Heavy Sword/ Broadsword: This is a 2-handed weapon with a broad blade of at least 4' length, some are 4'6" or more.  Originally developed to cut the heads off enemy pikes, it makes a very effective man-killer and is a common primary weapon of knights and heavy infantry.  This is the heaviest practical fighting sword, though ceremonial zweihanders of 6'+ length also exist.  The 1st 12" of the blade on most heavy swords is blunt, allowing it to be gripped above the hilt.  Uses D&D greatsword stats.

Bastard sword/Hand-and-a-half sword: This weapon is an uneasy compromise between broadsword & arming sword, with a blade typically 3'6" or so, it is most easily used two-handed, but can with training be an effective though unwieldly single-handed weapon.  Unlike the heavy sword it is marginally concealable beneath a long cloak.  Uses D&D bastard sword stats.

Sword/Arming Sword: This classic, perhaps somewhat archaic one-handed blade is typically around 2'6"-3' long, and is often used as a back-up weapon by knights and well-equipped soldiery.  It is also favoured by practitioners of the 'Imarran' dueling style such as Erin Wist, which employs sword & buckler or sword & dagger.
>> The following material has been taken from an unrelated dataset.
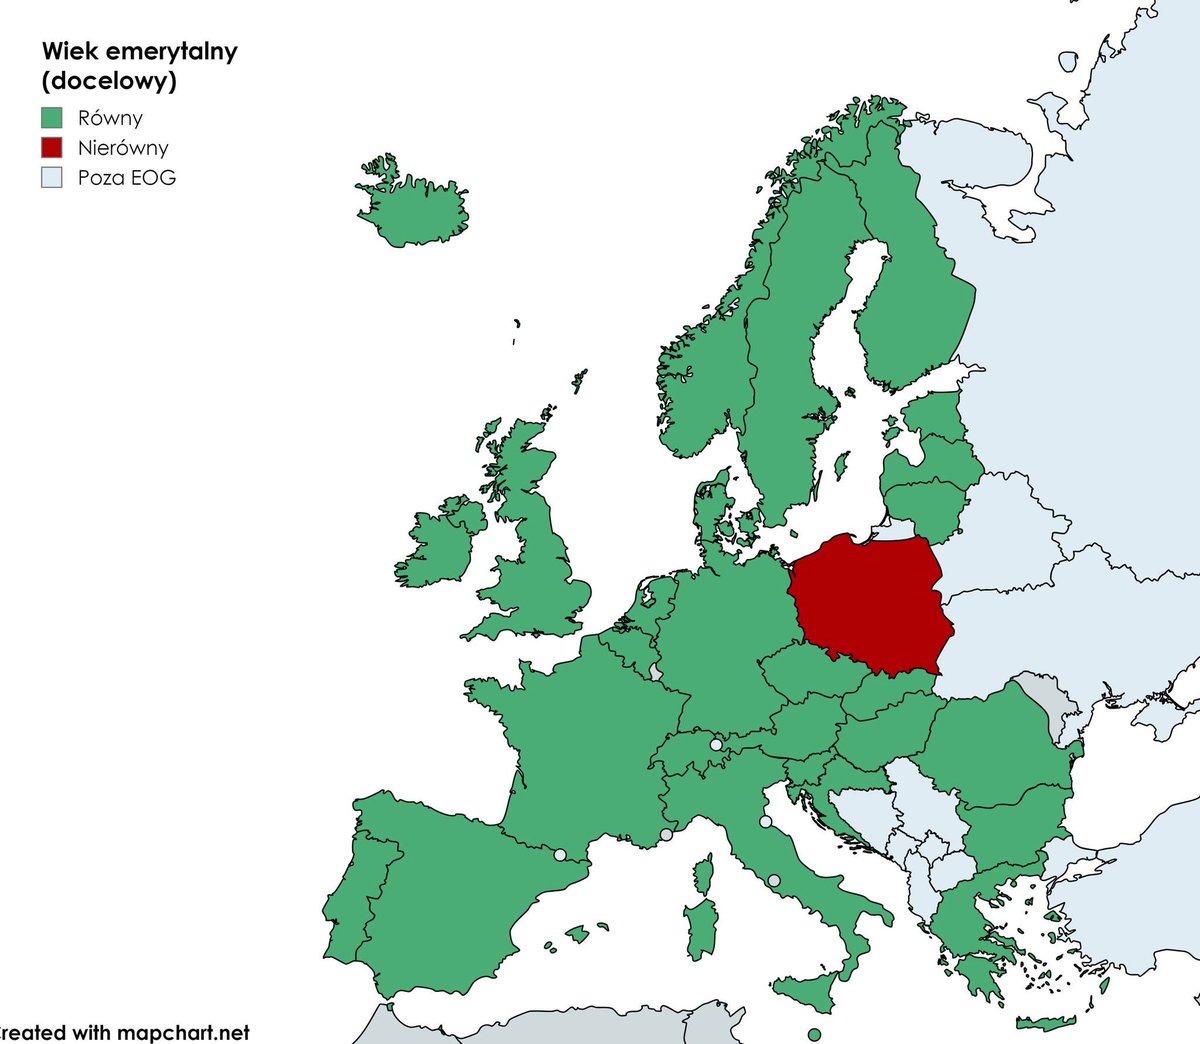 Lista krajów Unii Europejskiej, w których nie zaplanowano wyrównania wieku emerytalnego: 1. Polska

Uses D&D longsword stats.

Rapier: This light, narrow blade is edged but primarily employs a piercing point.  Blades are typically up to 3' long.  Rapiers are favoured by rogues and dandies, they are not generally considered a serious military weapon though in the hands of a skilled practitioner of the 'Bretanian' duelling style they can be exceptionally lethal.  Uses D&D Rapier stats.

Short blade: This is more an oversized dagger than a true sword, with a blade of around 18".  Short blades are relatively cheap and easily concealable, thus are often wielded by ruffians and vagabonds.  Uses D&D shortsword stats.


----------



## S'mon (Aug 8, 2004)

Arbalests - a progressive development of the heavy winch crossbow, Arbalests are restricted to military use only and may not be sold to private citizens, though they are occasionally available on the black market at considerable cost.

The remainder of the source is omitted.